28.7.09

Pequeno conto meu para a Superpedido deste mês: http://is.gd/1RwDd A restrição: tinha que se passar numa livraria. Agora, só falta me pagarem por ele. (P.S.: pagaram)

25.7.09

flashback

Minha entrevista aos 17 anos no Jô Soares em 2000 (a pedido):

parte 1
parte 2

22.7.09

Depois que li Cthulhu, fiquei lembrando de um trecho de A feia noite:

Deuses extintos, sólidos e onipresentes, orquestravam a violência, desorientando os caçadores uns contra os outros; revanche contra a insignificância luminosa dos engenhos atados ao topo de suas cabeças, e contra aqueles que não pegavam o verdadeiro espírito, abrindo a boca em êxtase para chamá-los, e a todos os seus domínios, maravilhas. De cima era perceptível: as praias eram frias e ameaçadores os malabares de espuma branca, e para não acreditar tanto nisso, todos lhes davam as costas, como no passado, até amanhecer. As vias podiam enrolar-se como uma esteira e tragar o que quer que estivesse por cima; florestas abriam-se nos lugares mais impróprios; os lugares mais ruidosos revelavam-se na verdade os mais silenciosos, e a resposta dos ignorantes era fazer dos lugares mais silenciosos os mais barulhentos. Mas os deuses se riem dessa mímica ingênua de civilização, o anúncio exultante de que agora todos os vulcões estão extintos, quando por baixo da crosta corre a lava preta.
Tenho recebido muito feedback do Amostragem complexa de gente do Sul e do Nordeste, mas nenhum do Rio. Às vezes tenho a impressão de que as pessoas daqui não leem mesmo e, se leem, não se empolgam. Não é só comigo não. Ando nos mais diferentes meios - jovens, ricos, pobres, velhos, sarados, sedentários - e, exceto pelo pessoal de literatura, a única conversa literária que ouço aqui é assim:
- Puxa, adoro Clarice Lispector.
- Ah, Clarice!
E é óbvio que você não leu mais de uma crônica por email dela em toda a sua vida - e, se bobear, nem era dela, e sim um Mude tosco da vida.
Vejo minha mãe comprar livros do João Ubaldo Ribeiro que empilha em sua cabeceira e não lê. Ela chegou a me dizer, sobre a Flip, que é muito mais legal encontrar um autor do que ler o livro dele. O marido dela lê muito, pelo menos, mas geralmente só livros de história e negócios.
Eu sinto falta, no Rio, é de gente se empolgando com algum livro. Não importa qual. Às vezes parece que só eu me empolgo aqui.

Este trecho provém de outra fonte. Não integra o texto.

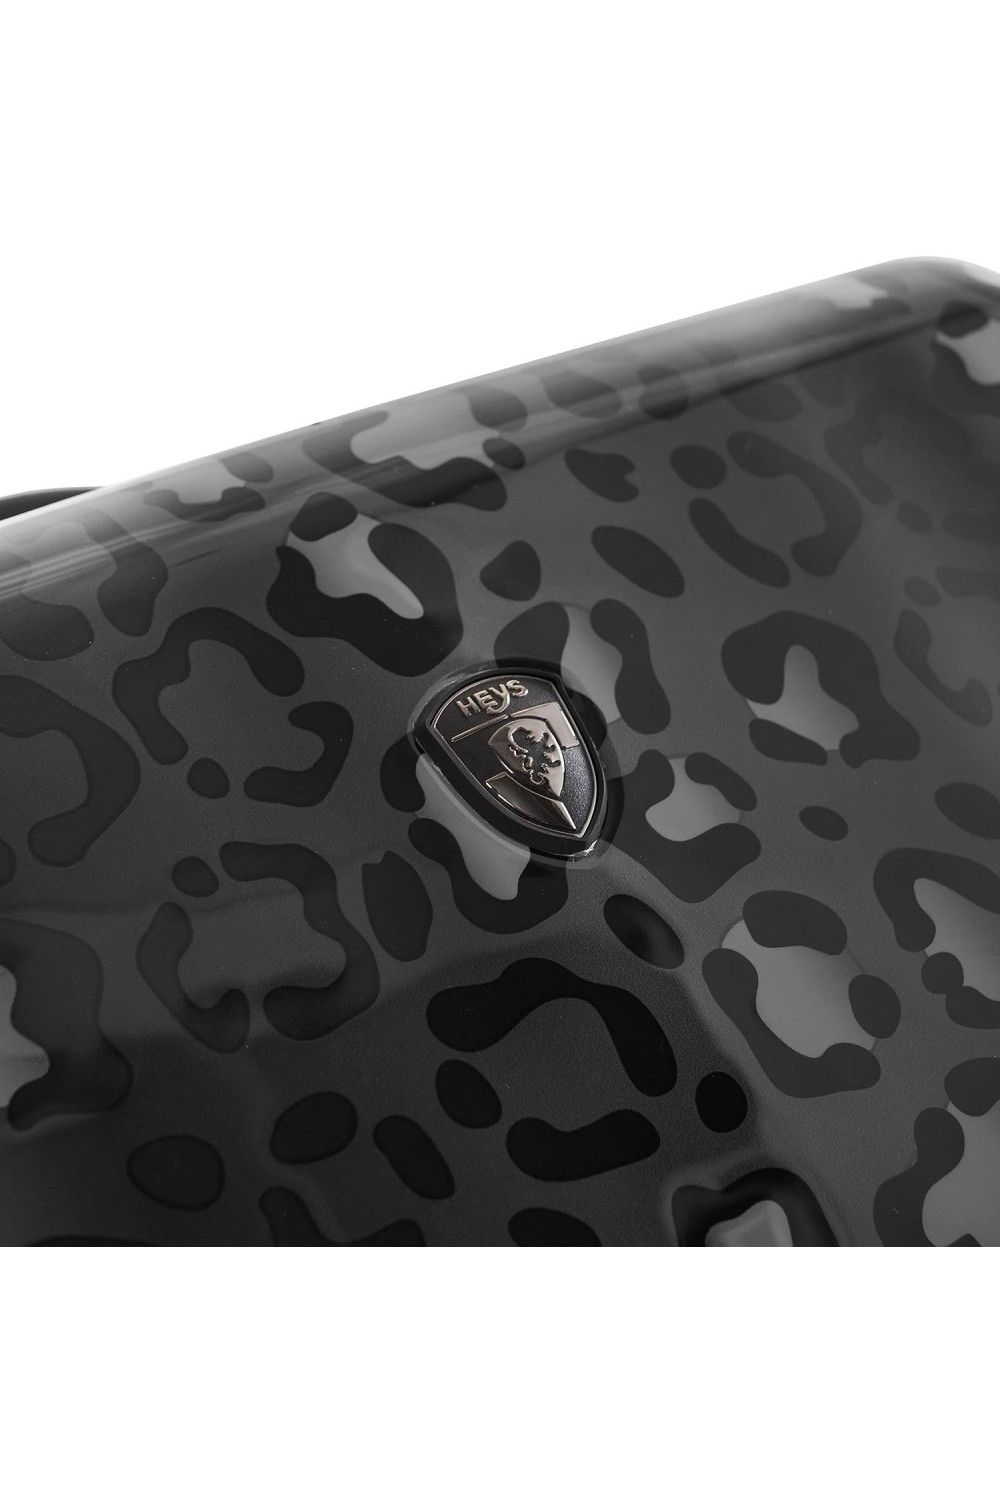 Koffer Handgepäck Heys Black Leopard 4 Rad 55cm erweiterbar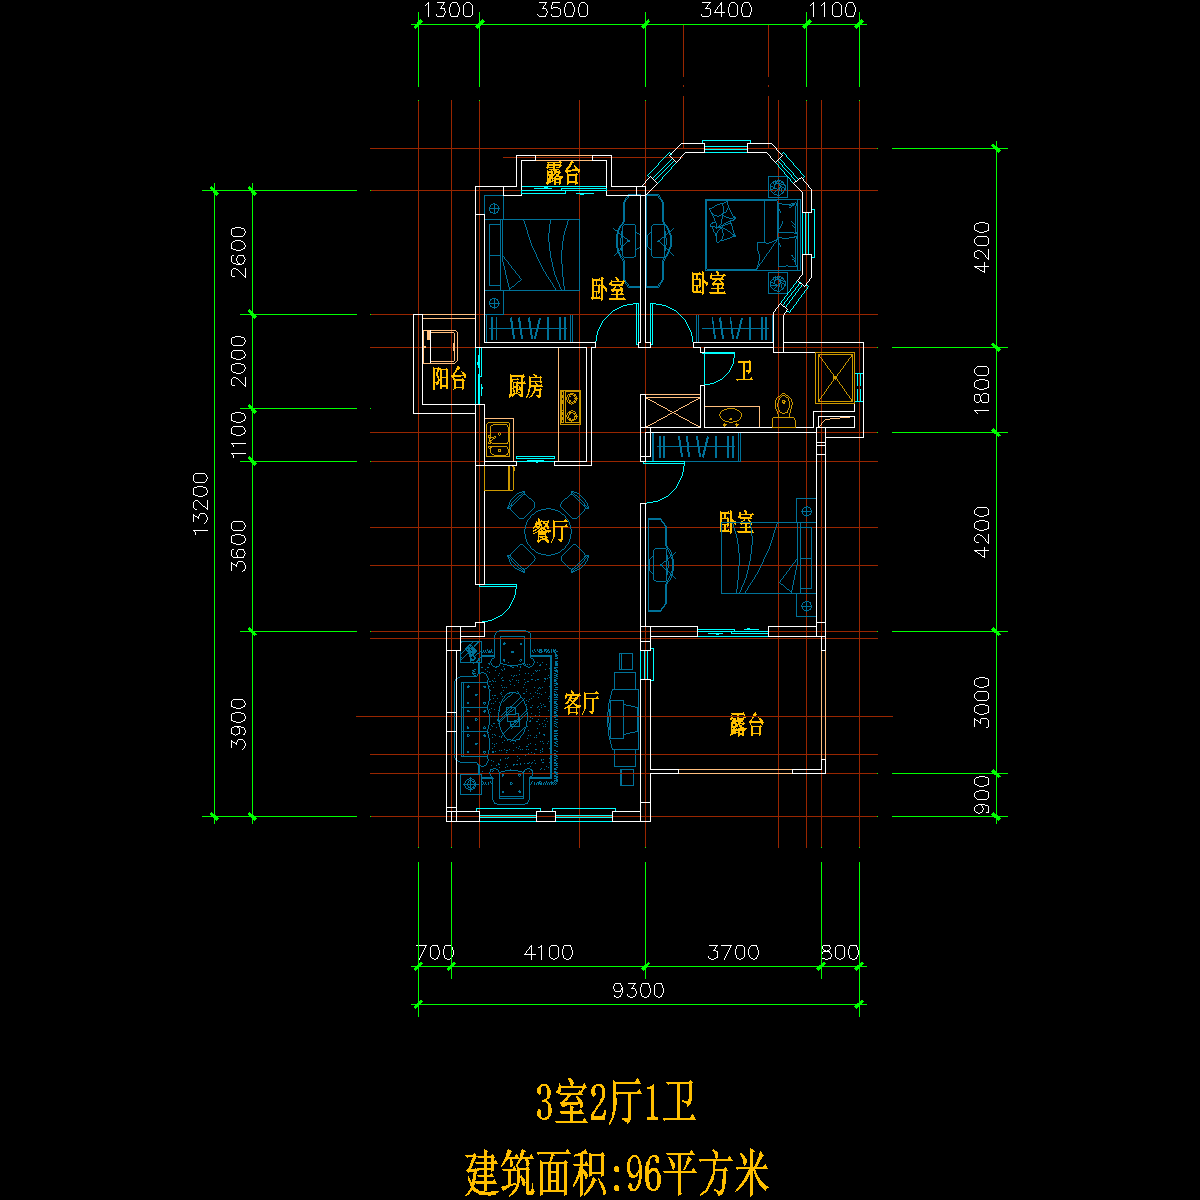 板式多层单户三室二厅一卫户型CAD图纸(96)

Falo de livros e os empresto pra todo mundo, de acordo com a personalidade do interlocutor, é claro. E geralmente as pessoas se interessam, e depois chegam a me agradecer por ter apresentado o tal livro pra elas. Minha irmã postiça (ela é de Curitiba) e meu amigo Ismar (ele é escritor) estão nessa categoria, mas fico orgulhosa mesmo é pela minha avó, carioca da gema, ter gostado tanto de Clube da Felicidade e da Sorte.

21.7.09

como não fazer um romance pop

Acabo de me dar conta de que atualmente estou escrevendo uma monografia para a faculdade, uma história em quadrinhos bastante escrachada e dois romances: um sério com uma pitada de scifi e outro de estrutura mirabolante com tema nerd-pop (tirei essa definição da orelha agora). Para mim, mais do que apenas fácil, trafegar entre as linguagens e os níveis culturais de cada projeto chega a fazer bem. Oxigena minha cabeça. Passei cinco anos obcecada com os personagens de A feia noite, meu segundo romance, simplesmente porque tinha decidido me concentrar "só naquilo" e deixar os outros projetos para depois. Big mistake. Enquanto outras pessoas precisam se concentrar em um projeto para fazê-lo render, eu preciso mesmo é diversificar - para arejar.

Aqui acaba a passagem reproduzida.